A compact linear operator $A$ over a separable Hilbert space $H$ is said to be in the trace class or in the nuclear operator space if for some (and hence all ) orthonormal bases $(e_{n})$ of $H$ the trace norm $$\Vert A \Vert_{tr} = Tr| A |= \sum_{n}\langle ( A ^{\ast} A ) ^{\frac{1}{2}} e_{ n} , e_{ n} \rangle$$ is finite. In this case $$TrA=\sum_{n}\langle A e_{ n} , e_{ n} \rangle$$ converges absolutely and is independent of the choice of the orthonormal basis.

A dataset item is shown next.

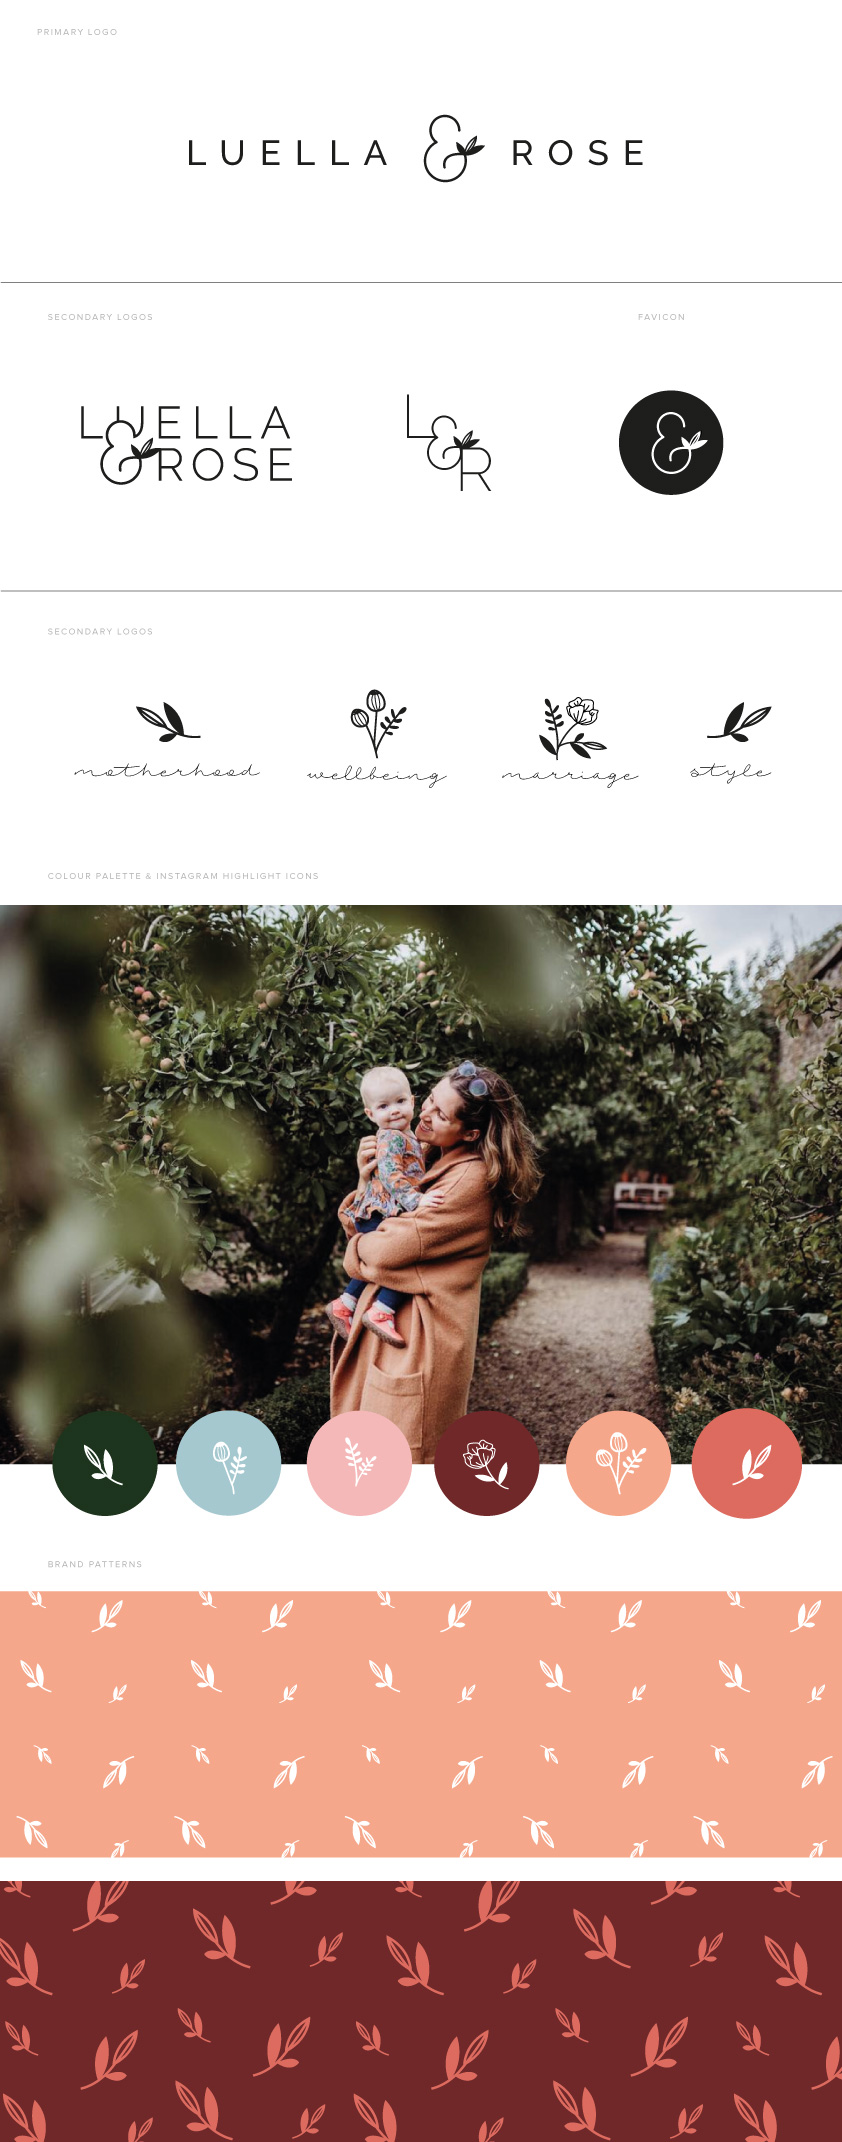 Luella&rose_brand-board.jpg

Moreover,we have $$\Vert A \Vert_{tr} \leq \sum_{n=1}^{\infty}\Vert A e_{n} \Vert<\infty$$
The trace norm also can be characterized as follows
$$\Vert A\Vert_{tr}= sup \sum_{n=1}^{\infty}|\langle A e_{ n} , f_{ n} \rangle|$$
Where the supremum is taken over any pair of orthonormal bases $\{e_n\}$ and $\{f_n\}$
My question is : Can we characterize the trace norm to be $$\Vert A \Vert_{tr} =sup \sum_{n=1}^{\infty}\Vert A e_{n} \Vert$$ Where the supremum is taken over any orthonormal basis $\{e_n\}$?
It is very easy to show that, if $A$ is trace-class, $$\tag{1} \|A\|_{\rm tr}=\min\left\{\sum_n\|Af_n\|:\ \{f_n\}\ \text{ orthonormal basis}\right\}. $$ Note that since $\|Ax\|=\|\,|A|x\,\|$, we may assume that $A$ is positive. So $A=\sum_n\lambda_j\,e_n\otimes e_n$ for a decreasing sequence $\{\lambda_n\}$ with $\lambda_n\searrow0$, and $\{e_n\}$ an orthonormal basis. Thus $$ \|A\|_{\rm tr}=\sum_n\langle |A|e_n,e_n\rangle=\sum_n\langle Ae_n,e_n\rangle=\sum_n\lambda_n=\sum_n\|Ae_n\|. $$ For an arbitrary orthonormal basis $\{f_n\}$, we have $$ \|A\|_{\rm tr}=\sum_n\langle Af_n,f_n\rangle\leq\sum_n\|Af_n\|. $$ So $(1)$ is established.